Fearful that New Orleans would run out of ventilators by early April as the number of COVID-19 patients rose by the hundreds, even thousands, per day, Louisiana officials set out to get every device they could find. At the time, that meant securing an additional 14,000.
Within days of President Donald Trump's urging states to get their own supplies because it would "be faster if they can get them directly," Louisiana sought only a fraction of them from the federal government and turned to private companies for the rest, having little confidence one supplier would give the state all it needed.
"If I knew for a fact that I could get all that I wanted from one vendor, I wouldn't be ordering from another," Gov. John Bel Edwards said March 31.
Louisiana set out to buy 9,000 from the private sector, where each device can cost tens of thousands of dollars.
"Medtronic Ventilators _ $88,000,000 for 2,000 ($43,500 a piece)!" Christina Dayries, a senior state official for homeland security and emergency preparedness, wrote March 27 to two colleagues about one type of high-acuity ventilator from medical device behemoth Medtronic, according to emails between Louisiana and Federal Emergency Management Agency officials on the state's pandemic response that KHN obtained through a public records request. The total order for the ventilators and related accessories amounted to $88.2 million.
The ventilator price is 23% higher than the $35,383 average price Medtronic was offering for the same model last year, according to market analysis from ECRI Institute, a nonprofit research firm.
Laws prohibit price gouging on precious resources during times of emergency _ such as gas prices during an oil shortage or water during a drought. But no such rules or laws applied as states like Louisiana _ which got an $88.2 million quote while bracing for a deadly pandemic _ scrambled to find essential medical equipment according to the laws of supply and demand.
One state health official said they didn't think there was "egregious price gouging" from manufacturers, but officials nonetheless had little choice but to pay what was asked. Louisiana also overshot orders out of fear that ventilators wouldn't arrive or that they would be sent elsewhere to a higher bidder.
Louisiana's hunt for thousands of ventilators underscores the crisis triggered by the federal government's lack of a coordinated response to the pandemic. It speaks to the "every man for himself" mentality promoted by the White House.
As Jared Kushner, Trump's son-in-law and a senior adviser, said in a daily press briefing April 3: "The notion of the federal stockpile was, it's supposed to be our stockpile. It's not supposed to be states' stockpiles that they then use."

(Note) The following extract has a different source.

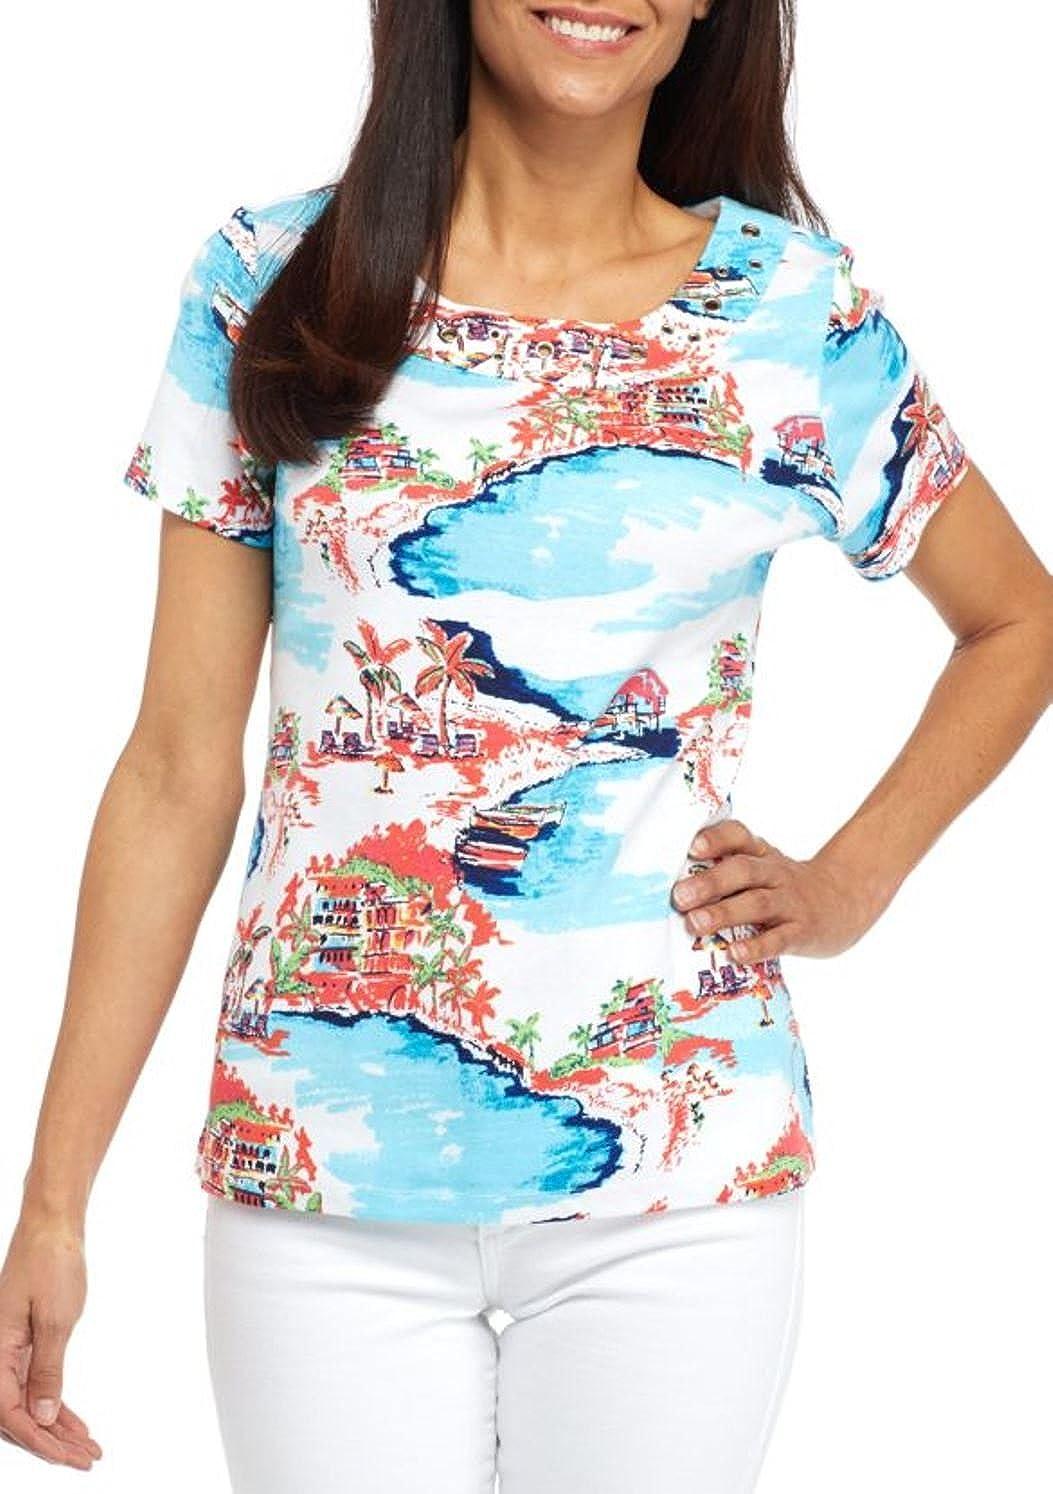 4945bfcb52abb3 Amazon.com  Kim Rogers Women s Petite Size Short Sleeve Grom Frame Tee  (Turquoise-Coral
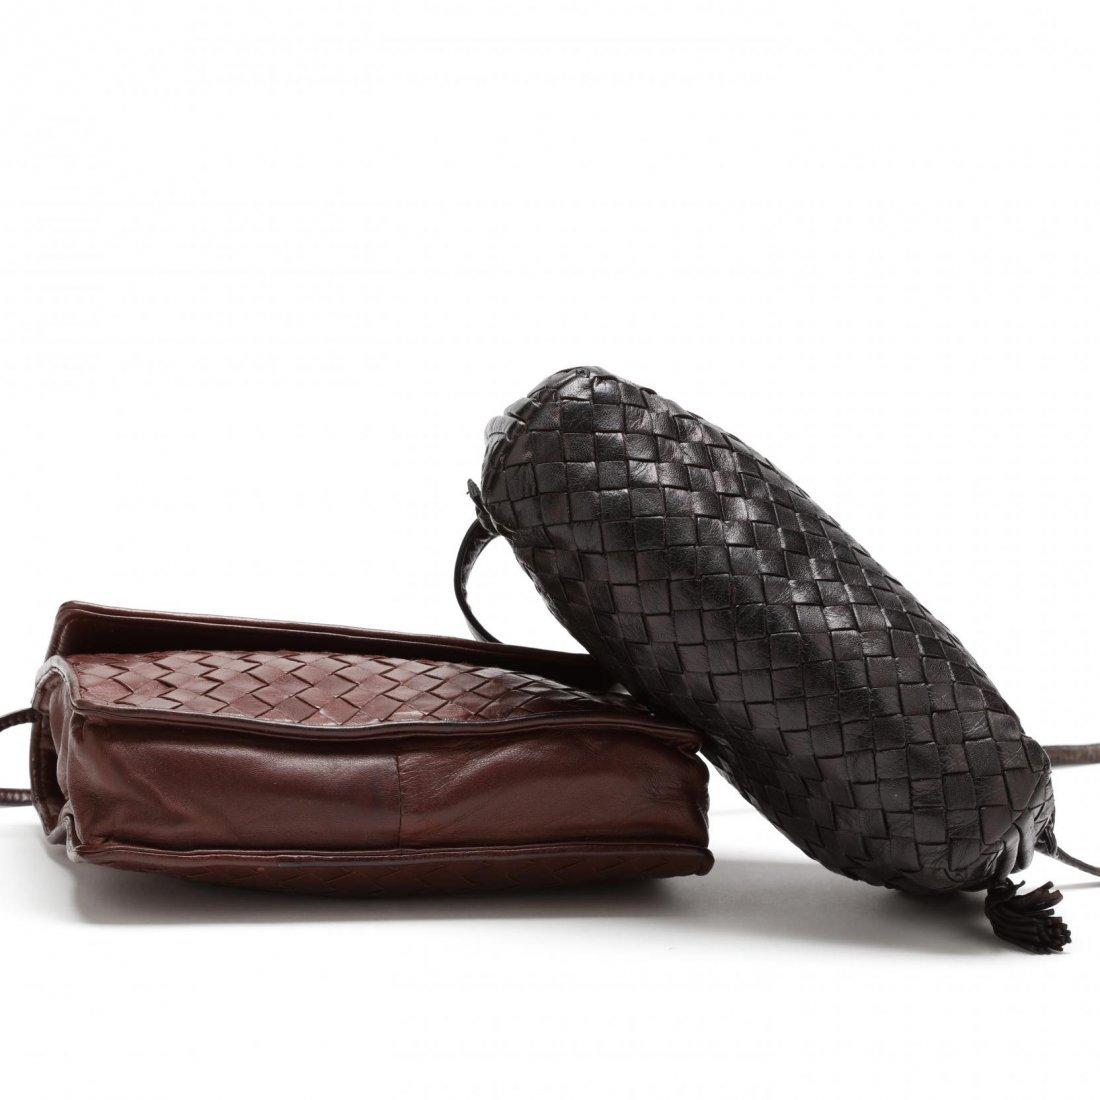 Two Cross-body Bags, Bottega Veneta - 3

Officials from other states, including Washington, Michigan and Minnesota, said in interviews that they have also ordered millions of dollars' worth of ventilators from private companies even as the Trump administration snapped up thousands of its own to replenish the Strategic National Stockpile.
Against that backdrop, Dr. Rebekah Gee, CEO of Louisiana State University's Health Care Services Division and the state's former health secretary, said she spent weeks "chasing every rabbit hole" to secure ventilators at the peak of Louisiana's outbreak.
"The most important thing in a disaster is clear communication," she said.
"We found ourselves competing against not only other states but hospital systems and even the federal government," said Dr. Joseph Kanter, an emergency physician and assistant state health officer for the Louisiana Department of Health.
"The private sector can be a dizzying place," he added. "When it's life and death, there needs to be some measure of additional coordination."
In a statement, Medtronic said the Louisiana price was given before the company in April moved to single, flat prices under which every U.S. customer pays the same cost for a particular ventilator model and configuration. The company would not provide the figure, but said the prices are lower than before the pandemic.